When the control unit 210 enables the stopper 101 in response to the paper sheet M fed to the sheet loading position for the rotary drum 10 in motion, the small diameter hollow tube 31 stops the rotation to sequentially align the suction air holes 14-1 to 14-4 of the rotary drum 10 with the suction air holes 34-1 to 34-4 of the small diameter hollow tube 31 from the downstream side to the upstream side in the rotational direction (Y direction), thereby opening the suction air holes 14-1 to 14-4. That is, the suction air holes 14-1 to 14-4 are sequentially opened in the order opposite to the drum rotational direction.
When the down stream side suction air hole 14-1 is opened, air in the corresponding negative pressure creating room 16-1 is suctioned to the outside through the suction air hole 14-1 to create the negative pressure in the negative pressure creating room 16-1. Therefore, the front end of the paper sheet M reached at a position facing to the suction hole 12 of the negative pressure creating room 16-1 is held by the negative pressure suction applied via the suction hole 12. Since the front end of the paper sheet M is regulated by the positioning member 42, the holding position is accurate.
The rear part of the paper sheet M with respect to the front end is held on the drum peripheral surface 11 by suction using the negative pressure sequentially created in the negative pressure creating rooms 16-2, 16-3, 16-4 of the upstream side in the rotational direction.
In addition, the paper sheet M is selectable from kinds of paper sheets having different length (for example, A4, A5 sheets, and the like). Since the negative pressure creating rooms 16-1 to 16-4 and the suction holes 12 are formed according to the length of the paper sheets M, any selected kind of the paper sheet M can be securely held by suction.
Since the negative pressure is created in each of the negative pressure creating rooms 16-1 to 16-4 in a state where the corresponding suction holes 12 are covered by the paper sheet Ml, a foreign substance (for example, an ink in the print head 200) is not suctioned via the suction hole 12, and thus contamination of the drum peripheral surface 11, and the like can be prevented.

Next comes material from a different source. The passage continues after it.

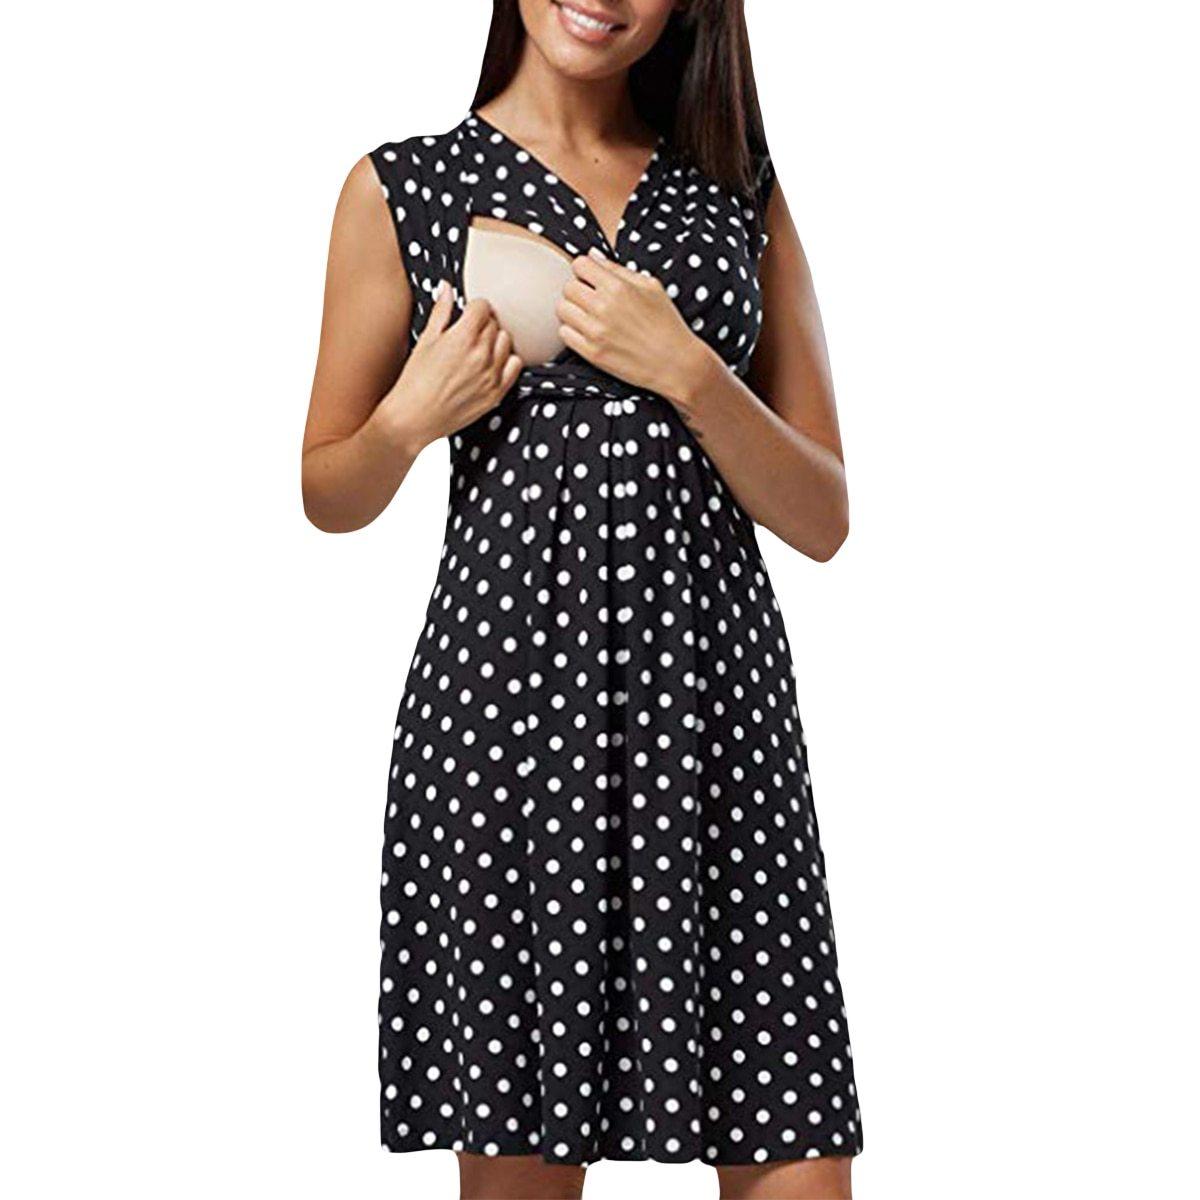 Maternity's Dress V Neck Dotted Print Sleeveless Fashion Dress

Printing is performed by jetting ink from the print head 200 to the paper sheet M which is held on the drum peripheral surface 11 as described above. At the time, the small diameter hollow tube 31 is rotated at the speed the same as the rotary drum 10 to maintain a state where all the suction air holes 34-1 to 34-4 are aligned with the suction air holes 14-1 to 14-4 respectively. Therefore, printing can be performed on the paper sheet M securely held on the drum peripheral surface 11.
After printing, the actuator 117 is driven to move back the plug member 116 to a position apart from the other end 32R of the small diameter hollow tube 31. Then, the small diameter hollow tube 31 is moved in the axial direction of the rotary drum 10 by a preset length L1 with the other end 32R thereof being opened. At the same time, the rotation of the small diameter hollow tube 31 is stopped. Thereby, the ventilation holes 15-1 to 15-4 of the rotary drum 10 in motion are sequentially aligned with the corresponding ventilation holes 35-1 to 35-4 from the downstream side to the upstream side in the drum rotational direction. Therefore, the negative pressure in each of the negative pressure creating rooms 16-1 to 16-4 is sequentially lost in the order opposite to the drum rotational direction (Y direction). Therefore, the paper sheet M can be released from the drum peripheral surface 11 rapidly and securely.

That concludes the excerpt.